Task StructuredMaxChunks VectorTopK VectorQueries (default) SbomMaxTimelineEntries SbomMaxDependencyPaths IncludeBlastRadius
Summary 25 5 Summarize key facts, What is impacted? 10 20 ✔
Conflict 30 6 Highlight conflicting statements, Where do sources disagree? 8 15 ✖
Remediation 35 6 Provide remediation steps, Outline mitigations and fixes 12 25 ✔

These knobs act as weighting levers: lower VectorTopK emphasises deterministic evidence; higher values favor breadth. StructuredMaxChunks bounds how many CSAF/OSV/VEX chunks reach the prompt, keeping token budgets predictable.

4. Token budgets

AdvisoryTaskBudget holds PromptTokens and CompletionTokens per task. Defaults:

Task Prompt tokens Completion tokens
Summary 2 048 512
Conflict 2 048 512
Remediation 2 048 640

Overwrite via AdvisoryAI:Tasks:Summary:Budget:PromptTokens, etc. The worker records actual consumption in the response metadata (inference.prompt_tokens, inference.completion_tokens).

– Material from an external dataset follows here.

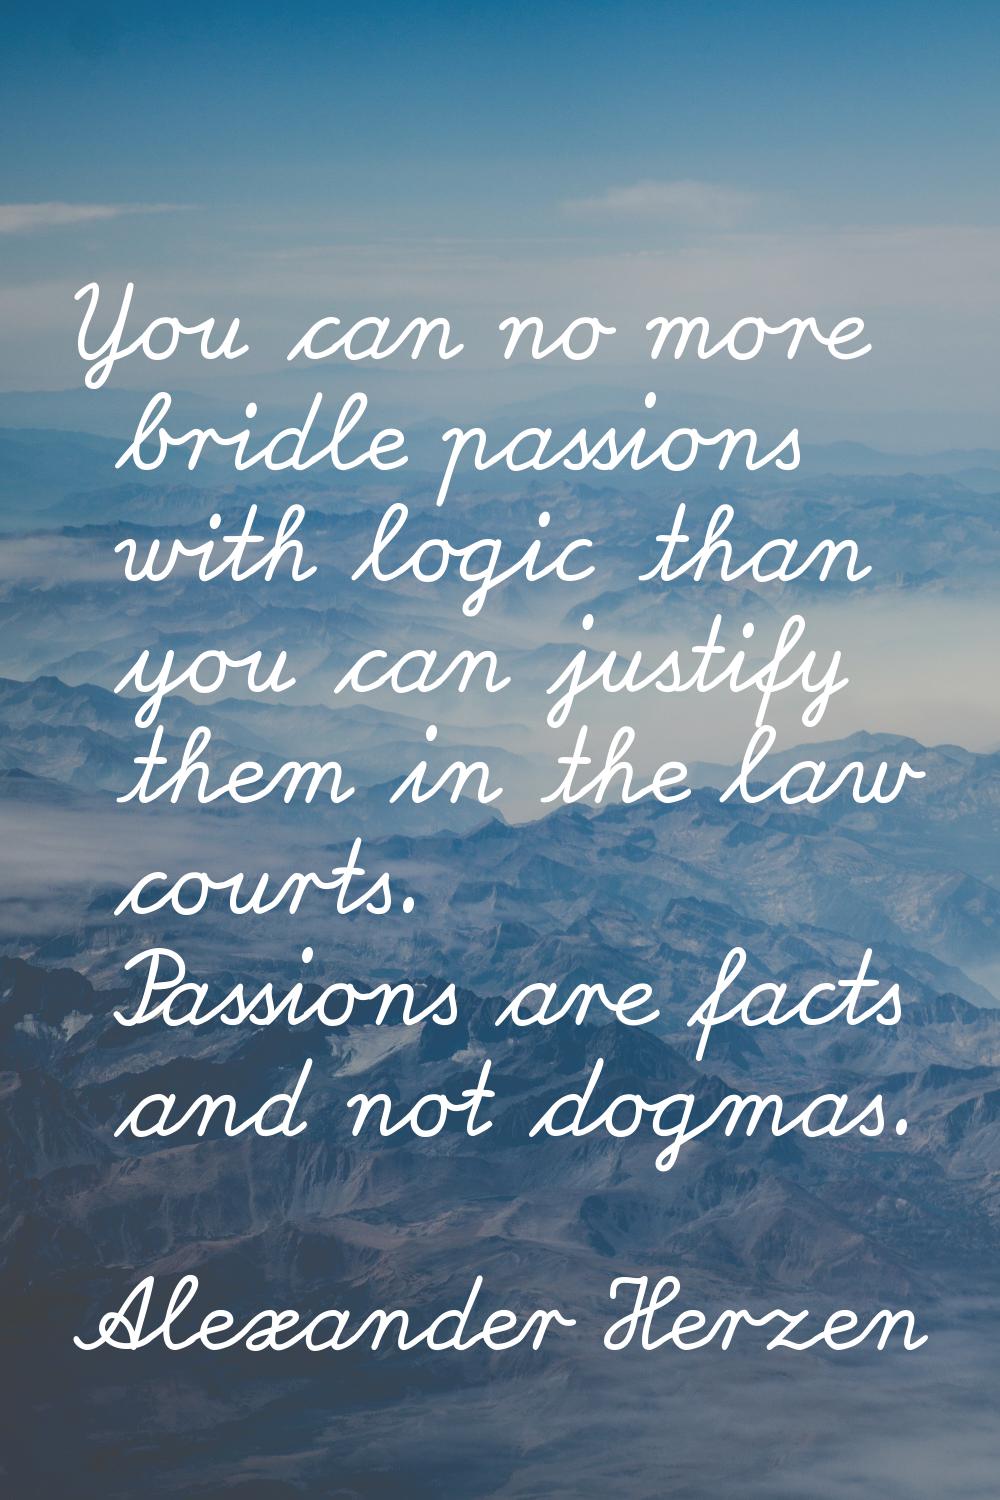 You can no more bridle passions with logic than you can justify them in the law courts. Passions ar

5. Cache TTLs & queue directories

  • Plan cache TTLs – In-memory and file-system caches honour AdvisoryAI:PlanCache:DefaultTimeToLive (default 10 minutes) and CleanupInterval (default 5 minutes). Shorten the TTL to reduce stale plans or increase it to favour offline reuse. Both values accept ISO 8601 or hh:mm:ss time spans.
  • Queue & storage paths – AdvisoryAI:Queue:DirectoryPath, AdvisoryAI:Storage:PlanCacheDirectory, and AdvisoryAI:Storage:OutputDirectory default to data/advisory-ai/{queue,plans,outputs} under the content root; override these when mounting RWX volumes in sovereign clusters.
  • Output TTLs – Output artefacts inherit the host file-system retention policies. Combine DefaultTimeToLive with a cron or systemd timer to prune outputs/ periodically when operating in remote-inference-heavy environments.

Example: raised TTL & custom queue path

{
  "AdvisoryAI": {
    "PlanCache": {
      "DefaultTimeToLive": "00:20:00",
      "CleanupInterval": "00:05:00"
    },
    "Queue": {
      "DirectoryPath": "/var/lib/advisory-ai/queue"
    }
  }
}

6. Operational notes

  • Updating guardrail phrases triggers only on host reload. When distributing blocked-phrase files via Offline Kits, keep filenames stable and version them through Git so QA can diff changes.
  • Temperature / sampling remains a remote-provider concern. StellaOps records the provider’s modelId and exposes fallback metadata so policy authors can audit when sanitized prompts were returned instead of model output.
  • Always track changes in docs/implplan/SPRINT_0111_0001_0001_advisoryai.md (task DOCS-AIAI-31-006) when promoting this document so the guild can trace which parameters were added per sprint.